__Exercise goal__:
Repeat only the lines from the one that contains "Prüfzertifikat Meisterling® FassadenSchrauben" through the final line of the listing below, exactly, please, without pictures.
START Available data
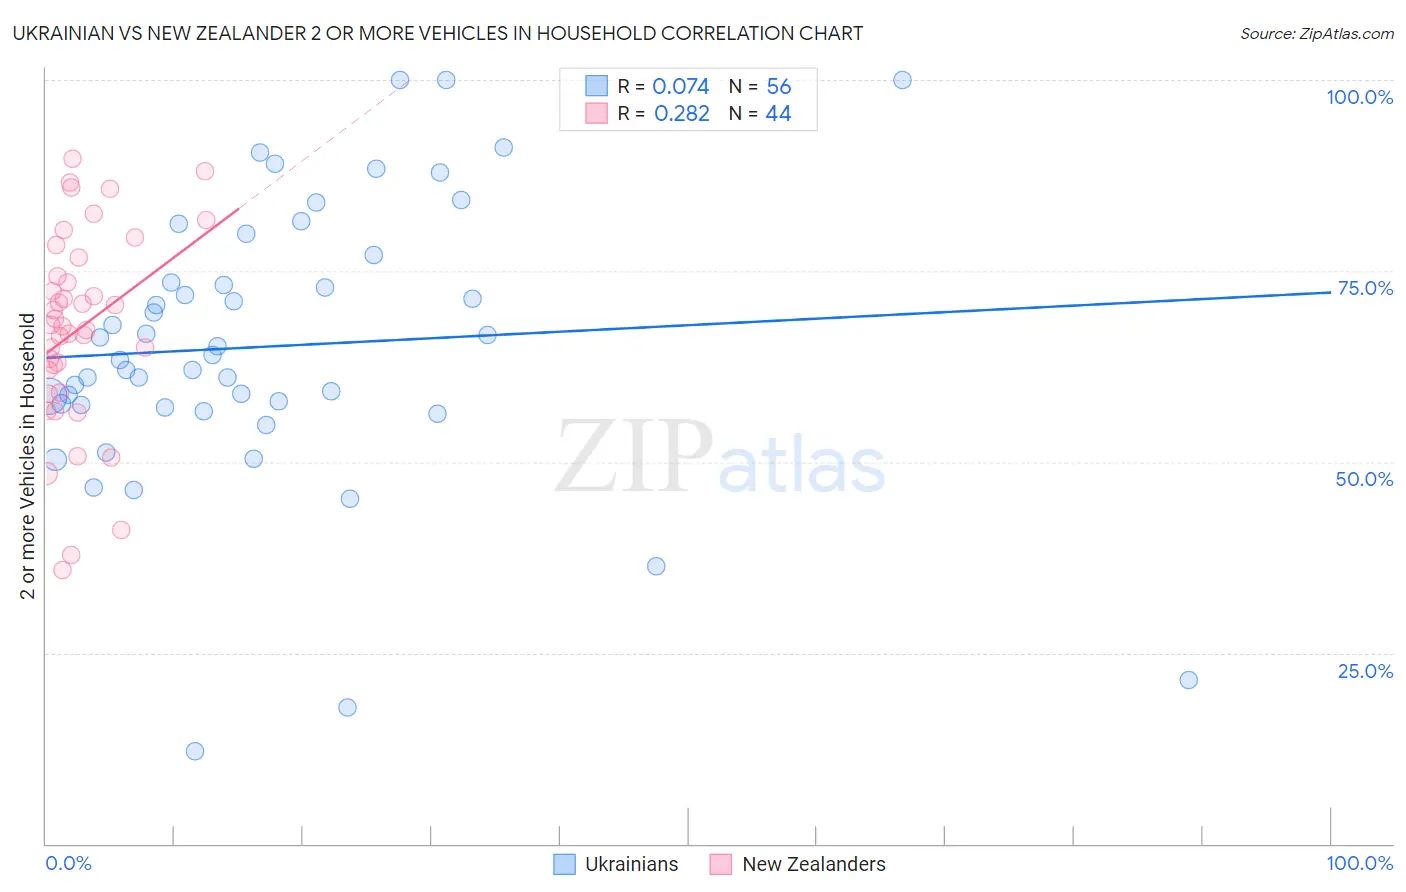 Ukrainian vs New Zealander 2 or more Vehicles in Household
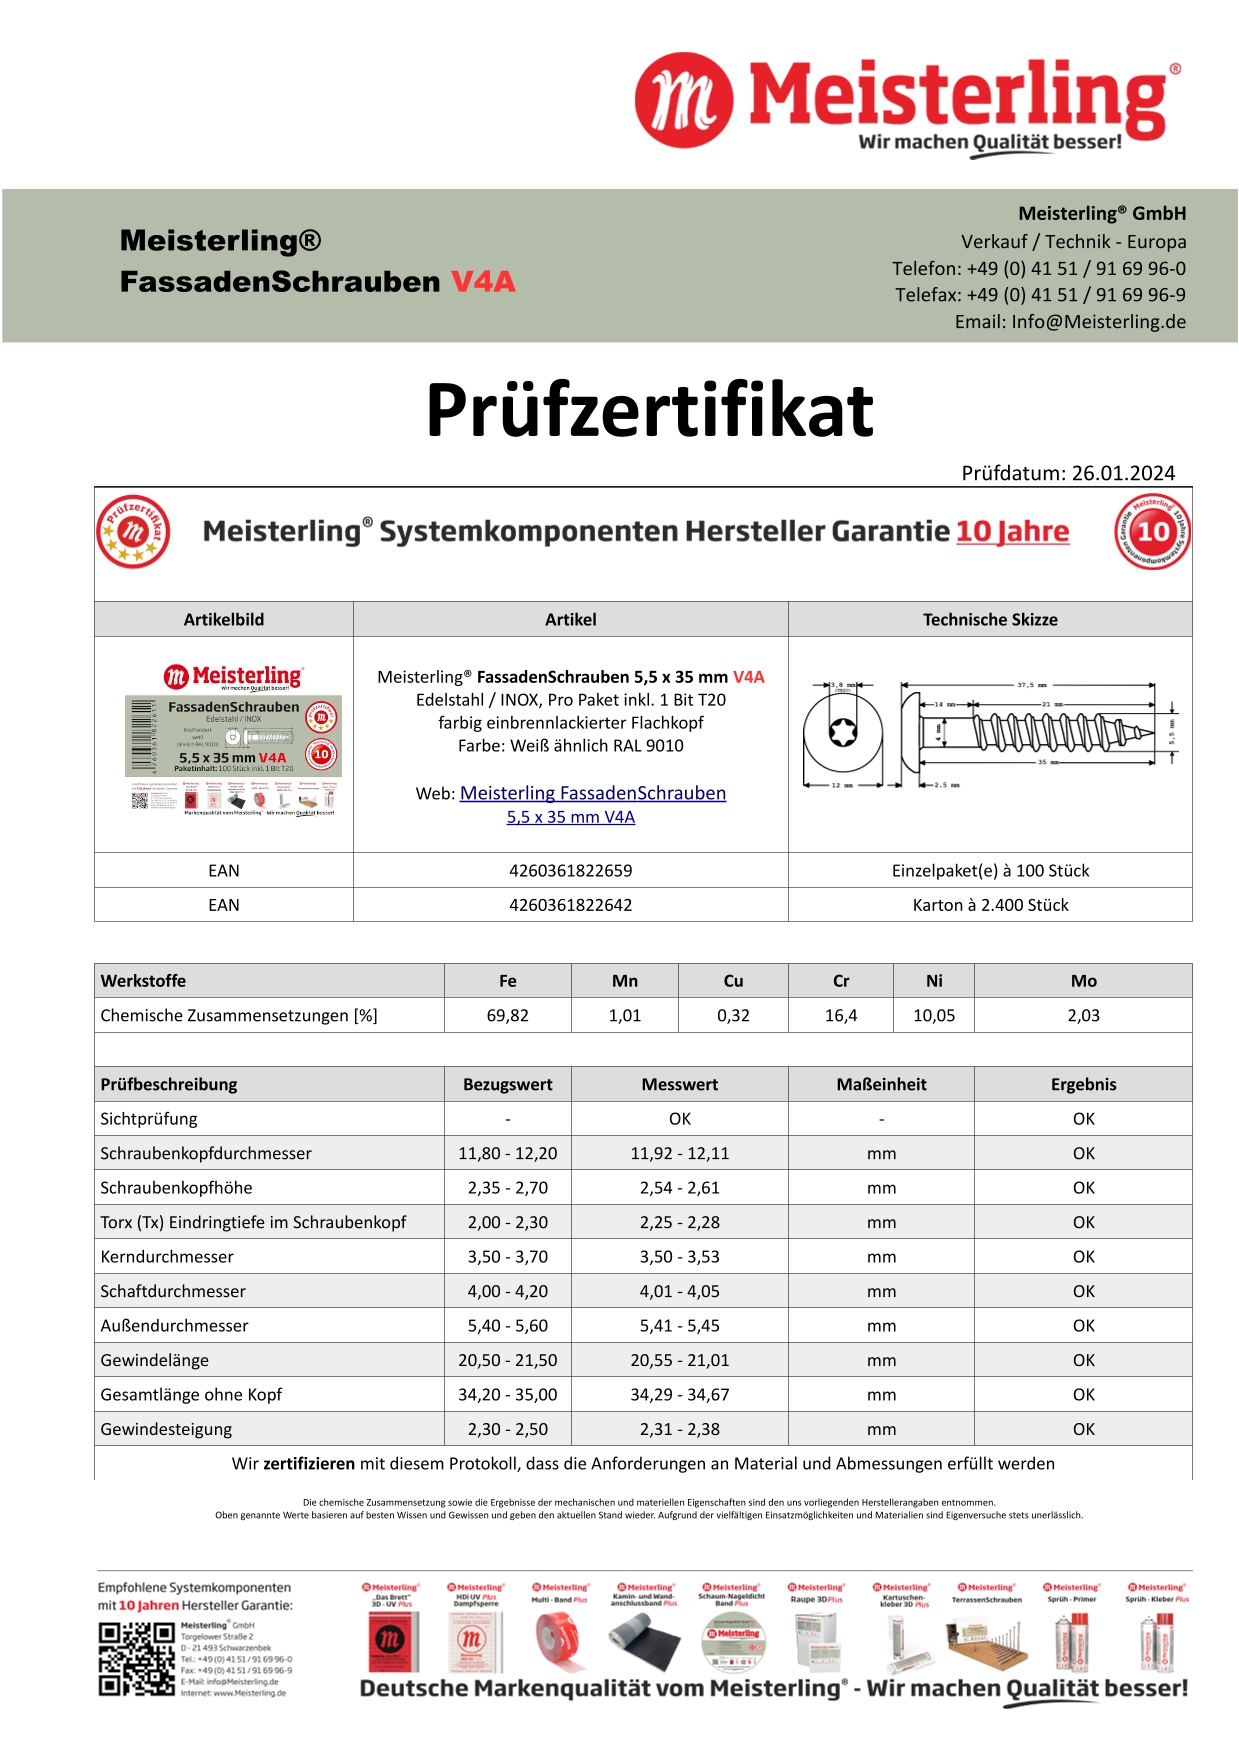 Prüfzertifikat Meisterling® FassadenSchrauben 5,5 x 35 mm V4a weiß
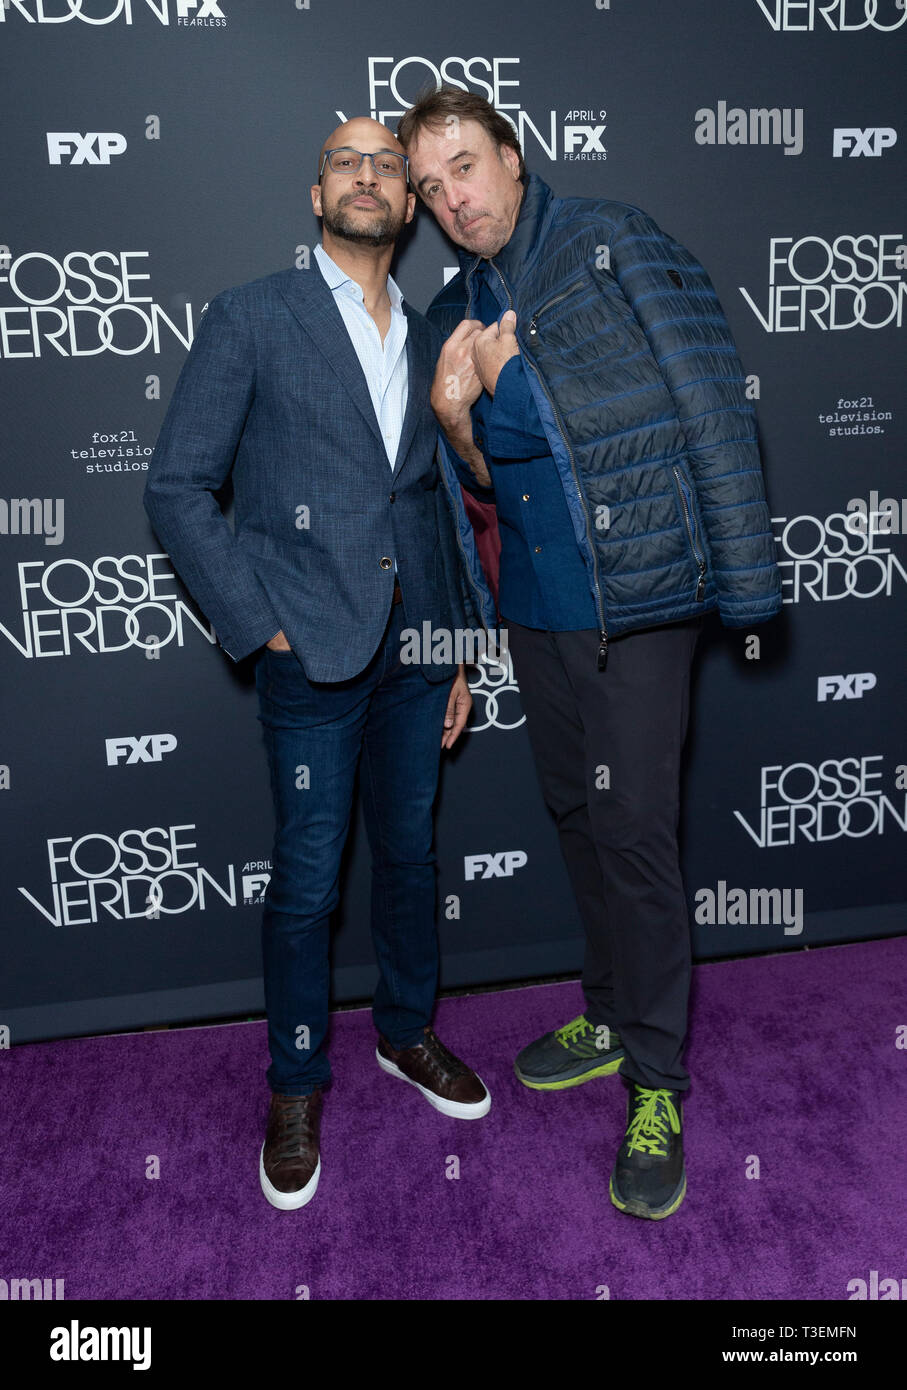 New York, NY - April 8, 2019: Keegan-Michael Key, Kevin Nealon attend premiere Fosse/Verdon by FX Network at Gerald Schoenfeld Theatre Stock Photo
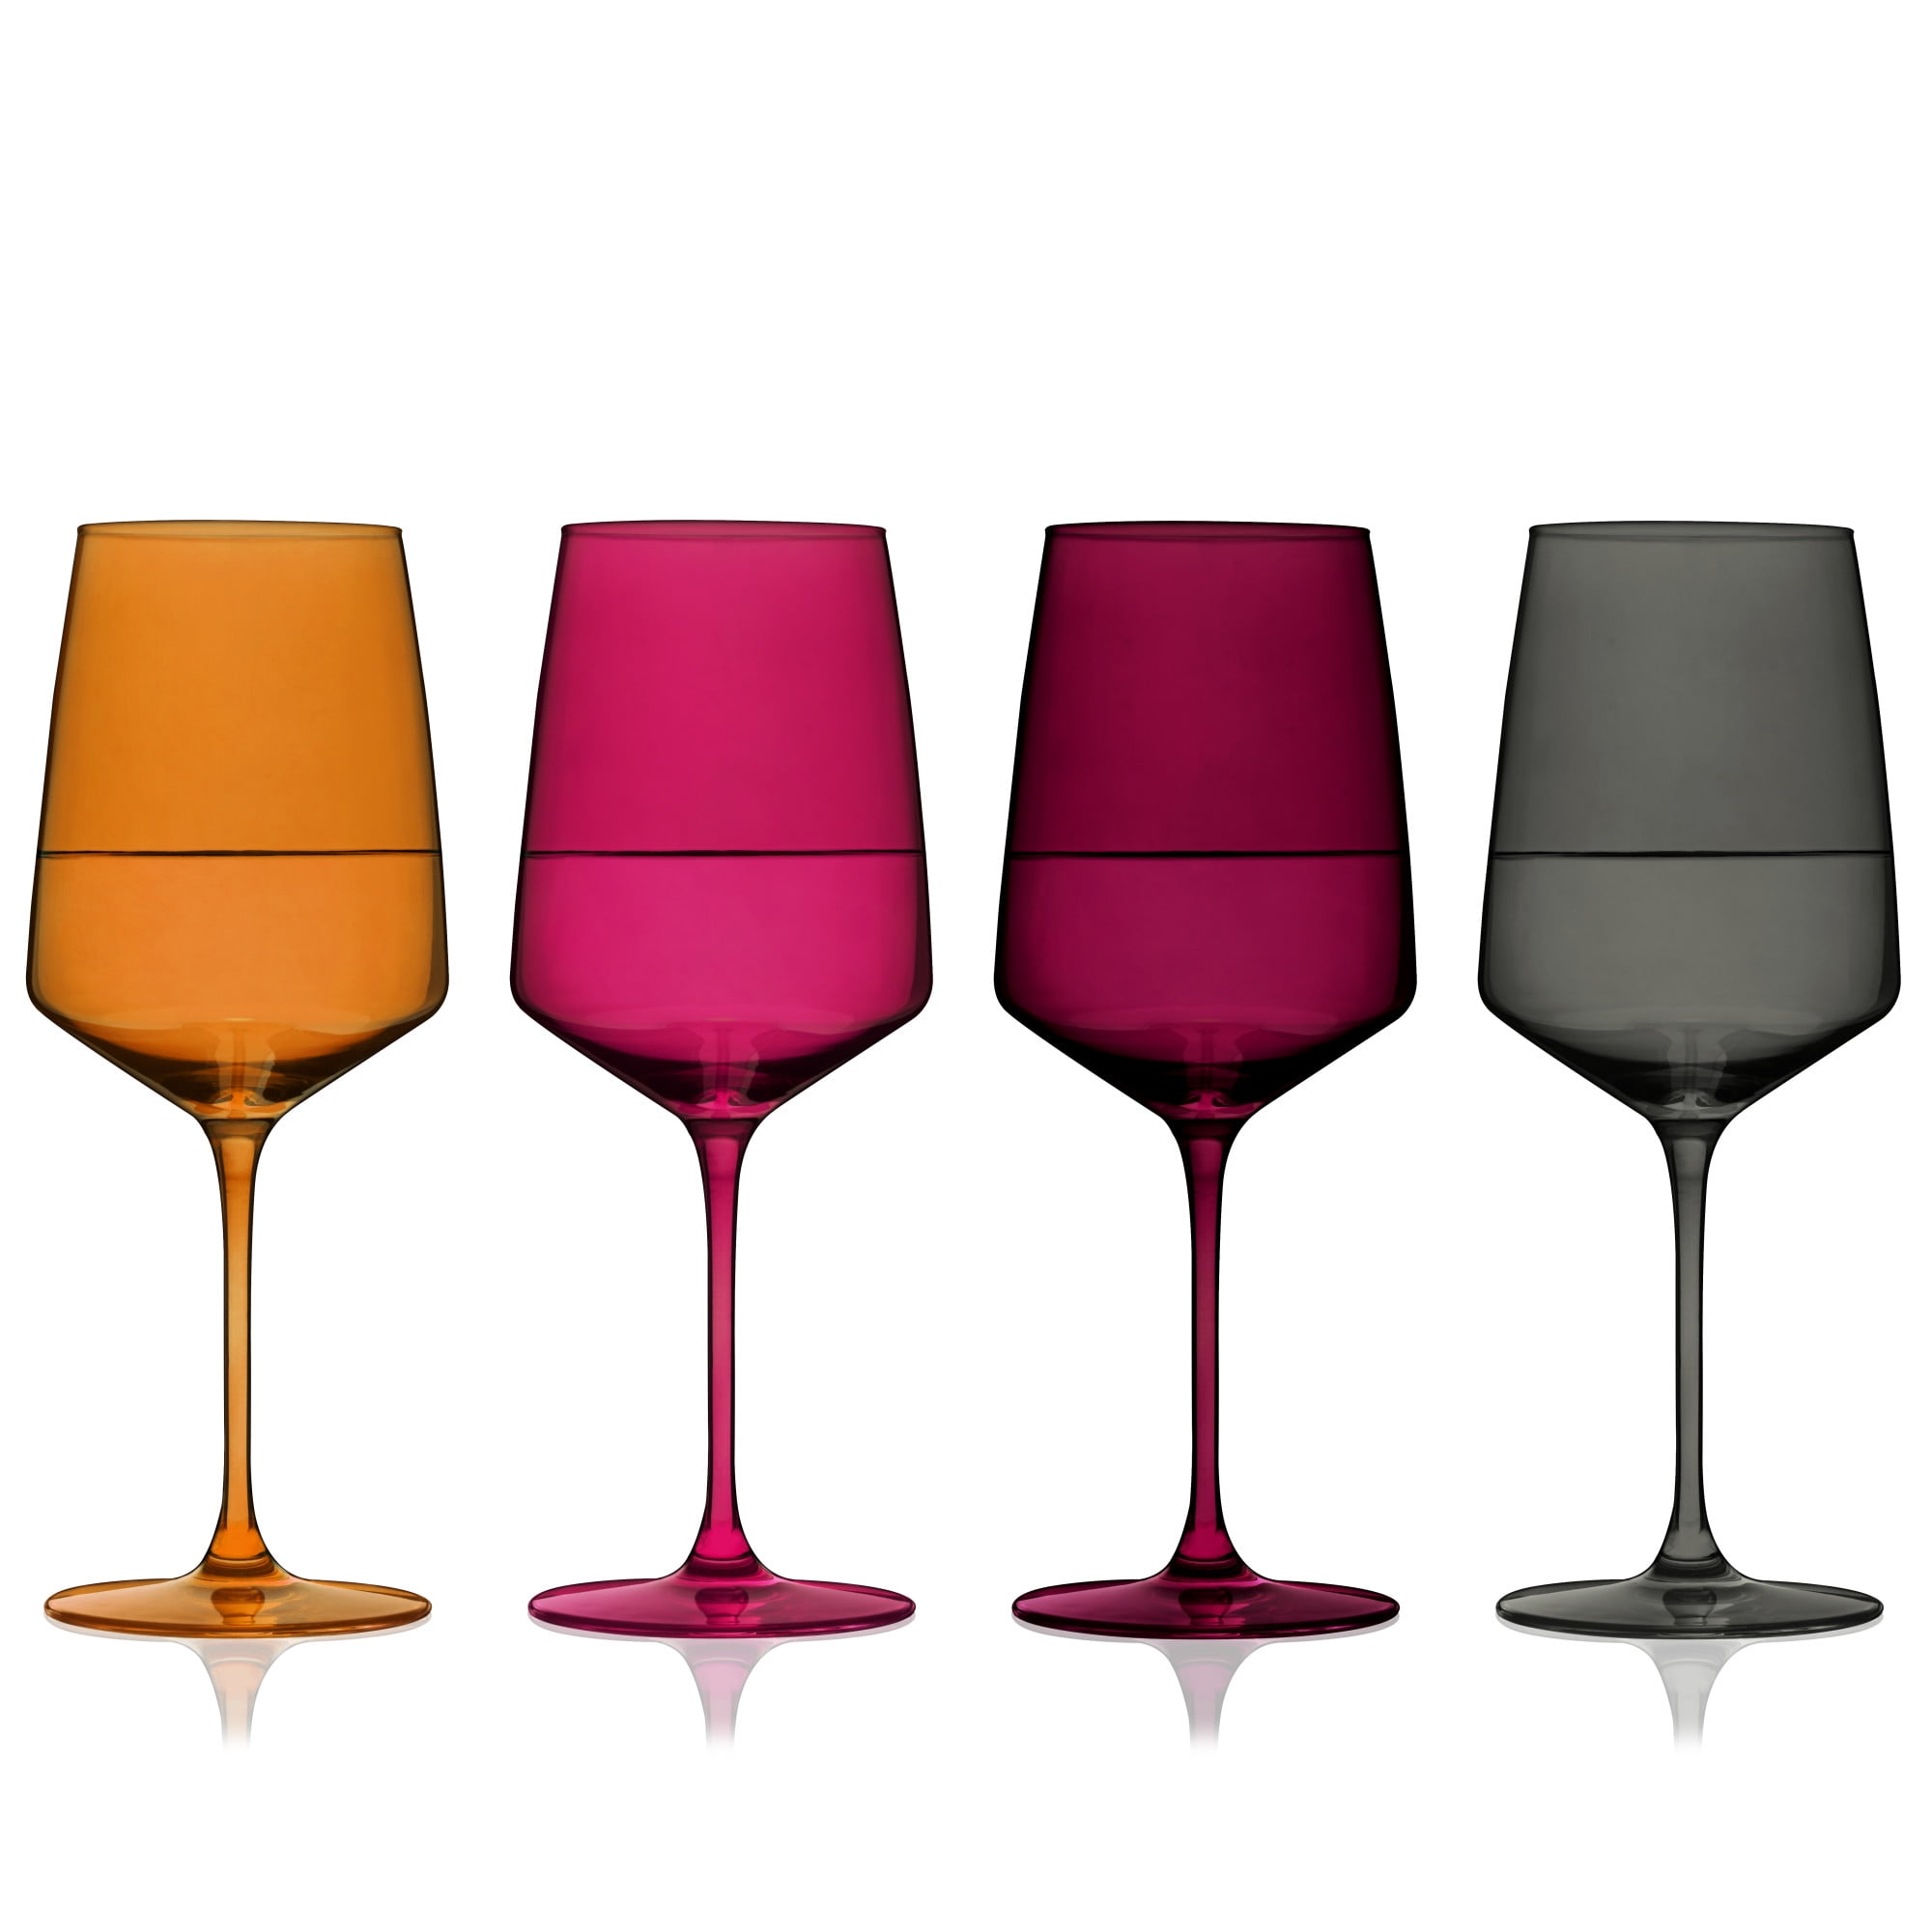 Red Wine Glasses - Crystal Big Wine Glasses set of 2,Hand Blown Long Stem  Wine Glasses – Large Wine Glass for Pinot Noir, Burgundy – Gift-Box for
END Available data
__Worked solution__:
 Prüfzertifikat Meisterling® FassadenSchrauben 5,5 x 35 mm V4a weiß
 New York, NY - April 8, 2019: Keegan-Michael Key, Kevin Nealon attend premiere Fosse/Verdon by FX Network at Gerald Schoenfeld Theatre Stock Photo
 Red Wine Glasses - Crystal Big Wine Glasses set of 2,Hand Blown Long Stem  Wine Glasses – Large Wine Glass for Pinot Noir, Burgundy – Gift-Box for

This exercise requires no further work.